Ashley Leath, a caregiver at Bluegrass Home Care Services, works with a client who has Alzheimer’s disease. She has been employed with three different caregiving agencies and has mainly worked with patients who have Alzheimer’s and dementia. She began working with Bluegrass Home Care services May 7 and met her client May 14. She said what stood out to her about Bluegrass Home Care Services is that the care plans and training were more extensive than those of agencies she had worked with previously, and though Scott knew she was trained with Alzheimer’s clients, she trained her in other areas as well.
“I would feel comfortable working with any type of client with her because she’s trained me on it, and then her care plans are really extensive,” Leath said. “I’ve never — even being employed with three different (agencies) — worked with an actual care plan like she has there.”
Leath said she and Scott prioritize establishing a routine for clients and that her client has improved since Bluegrass Home Care Services started working with her. Leath said since Alzheimer’s is a progressive disease, it’s important to have an updated care plan as the disease progresses and changes, and Scott has made updates accordingly.

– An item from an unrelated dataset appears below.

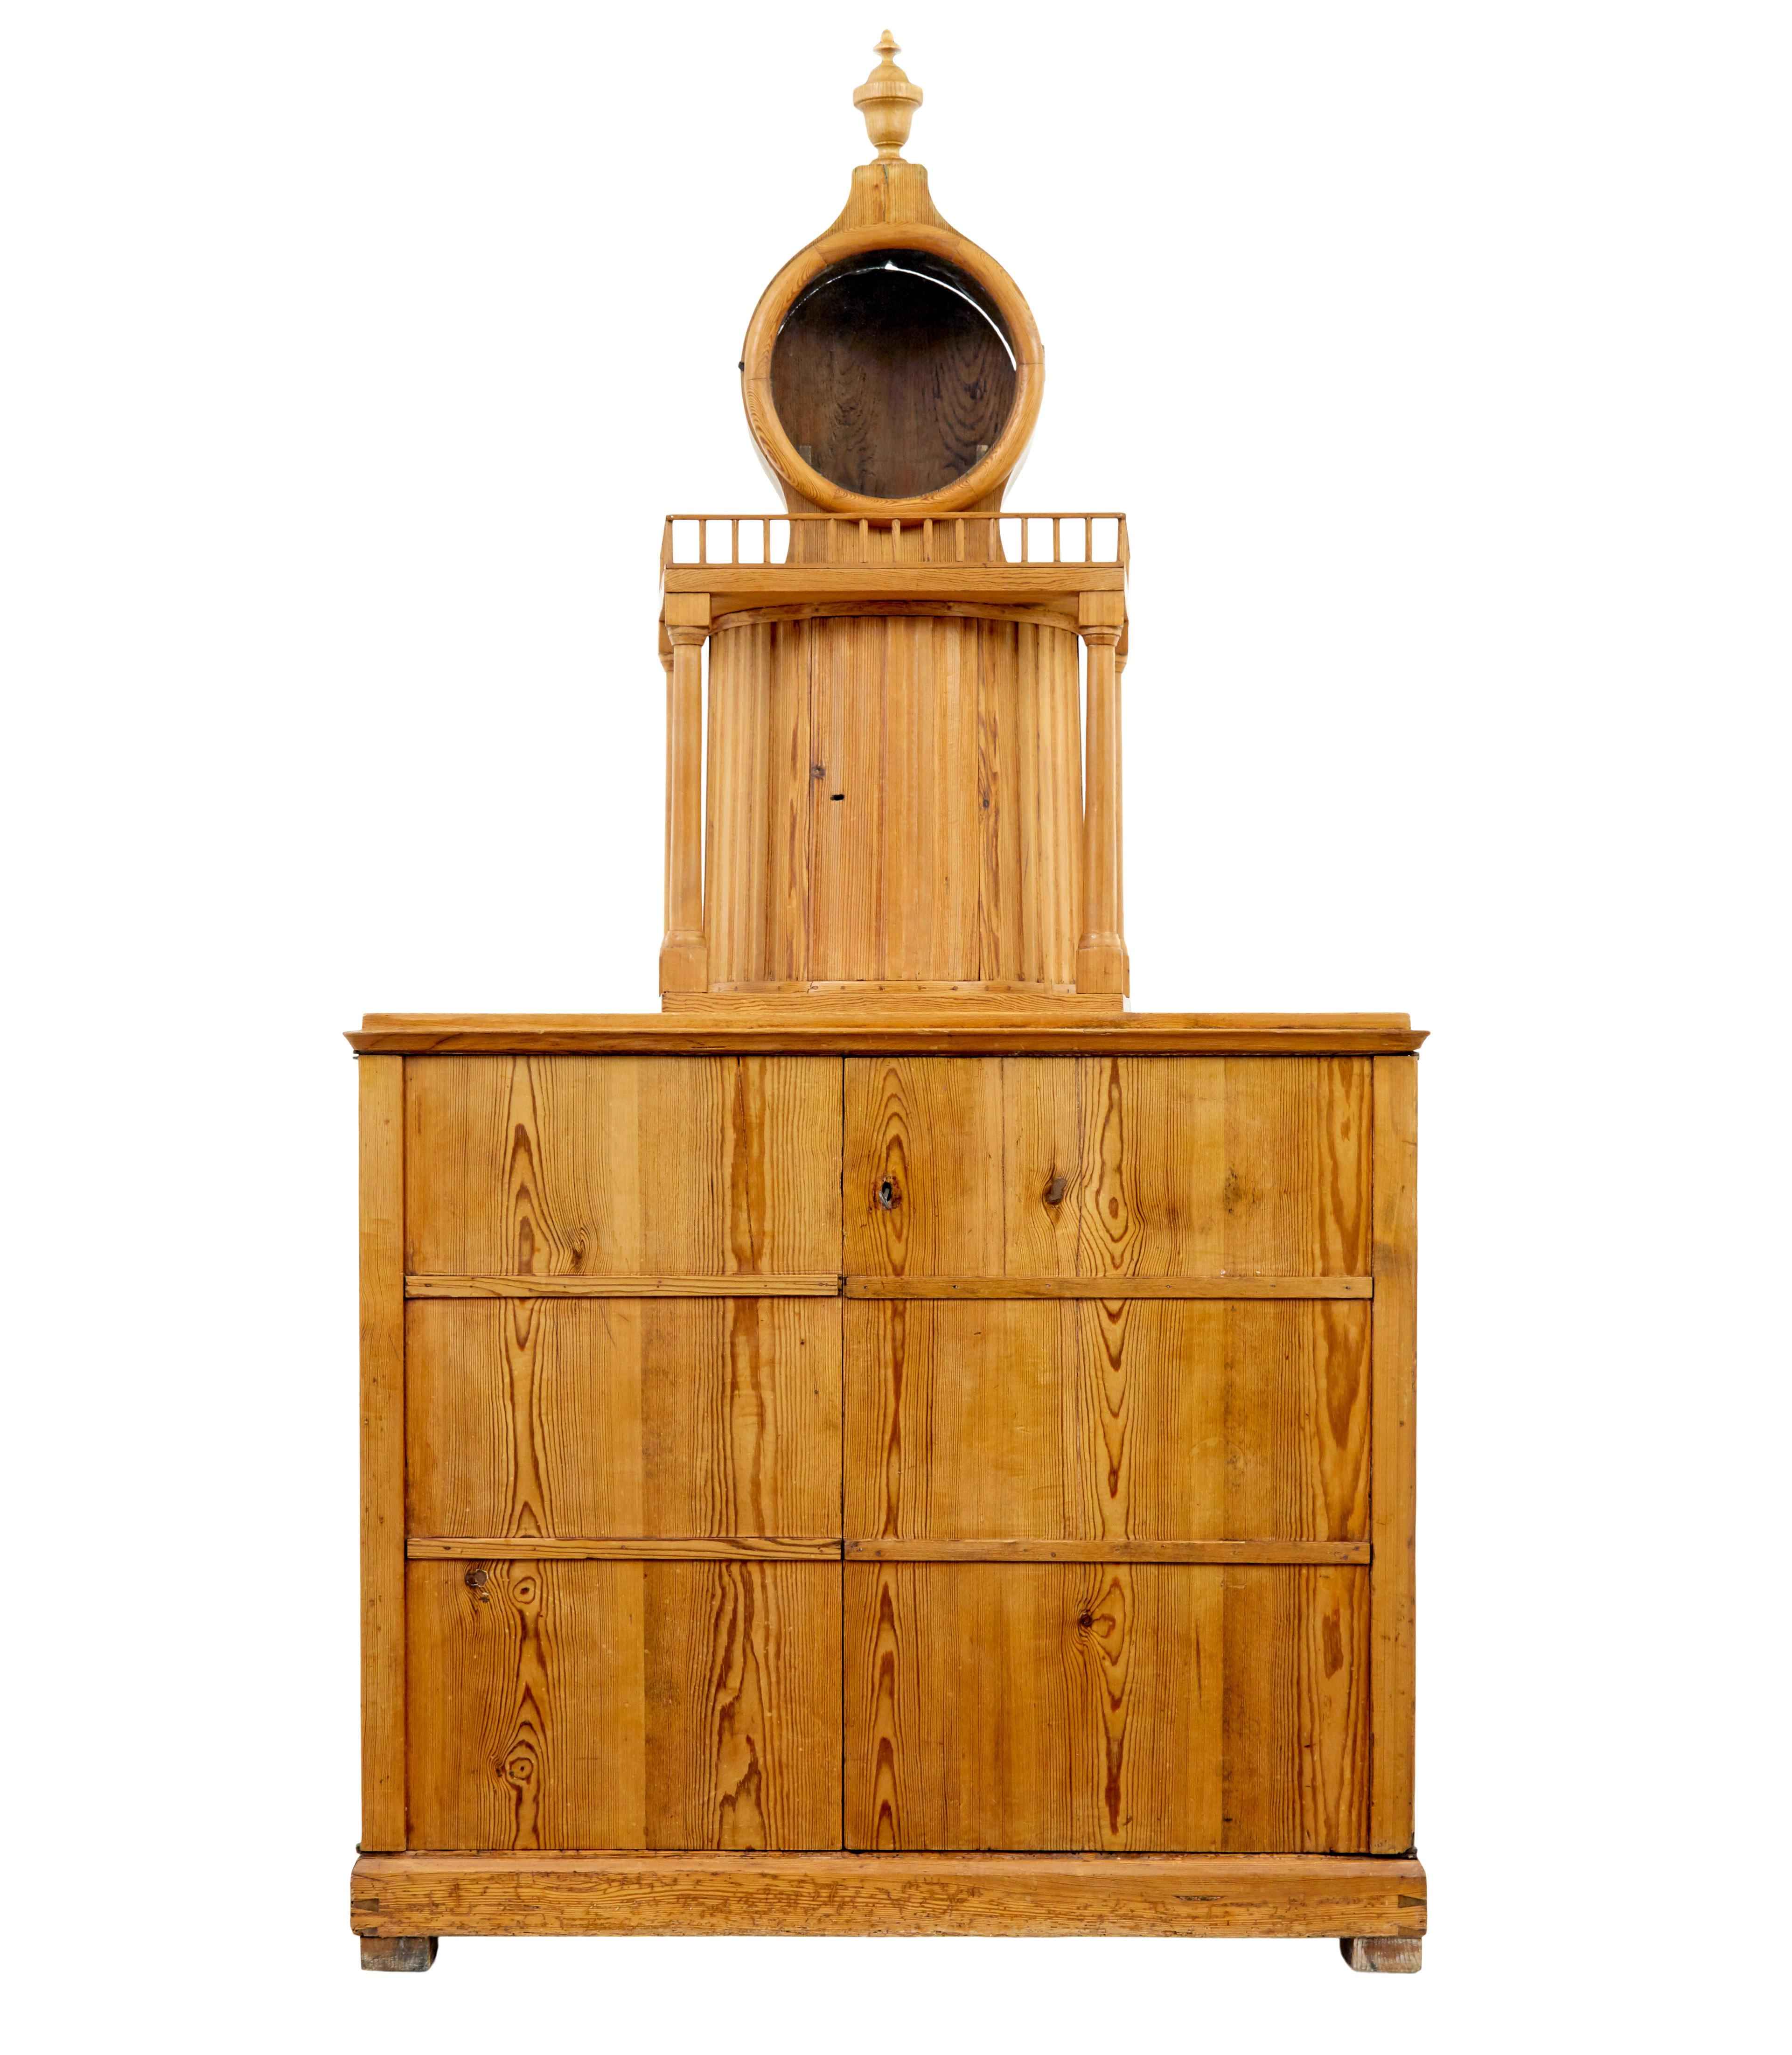 Armoire de cuisine en pin suédois du XIXe siècle, vers 1880.

Rare armoire suédoise en pin présentant une tour d'horloge sur la surface supérieure.   Monture d'horloge avec capuchon amovible, les chaînes, les poids et le pendule pendaient le long du

Abby Cawood’s grandfather, who has leukemia, is another client of Bluegrass Home Care Services. The company helps him with his exercises and helps Cawood’s grandmother do housekeeping. Cawood said she reached out to Bluegrass Home Care Services mainly because she had worked with Scott before for two years at Tanbark Health and Rehabilitation, which is operated by Elmcroft Senior Living. Her grandfather was Scott’s first client, and because she didn’t have caregivers yet at the time, Scott stepped in as caregiver herself when the business first started.
“She stepped in because we needed her so bad, and I called her pretty frantic, needing help because I am an LPN myself, and I’ve been trying to juggle full-time working and now trying to take care of both my grandparents,” Leath said.
Cawood said her grandfather has gotten stronger since Bluegrass Home Care established an exercise program for him, and because she said her grandparents have always been busy people and are now going through a large life transition, she appreciates Scott’s help. Leath said Scott has become her grandmother’s best friend.
“This is an extreme life-changing time for them, and she has gone above and so beyond to really be patient with them and accommodating to them,” Cawood said.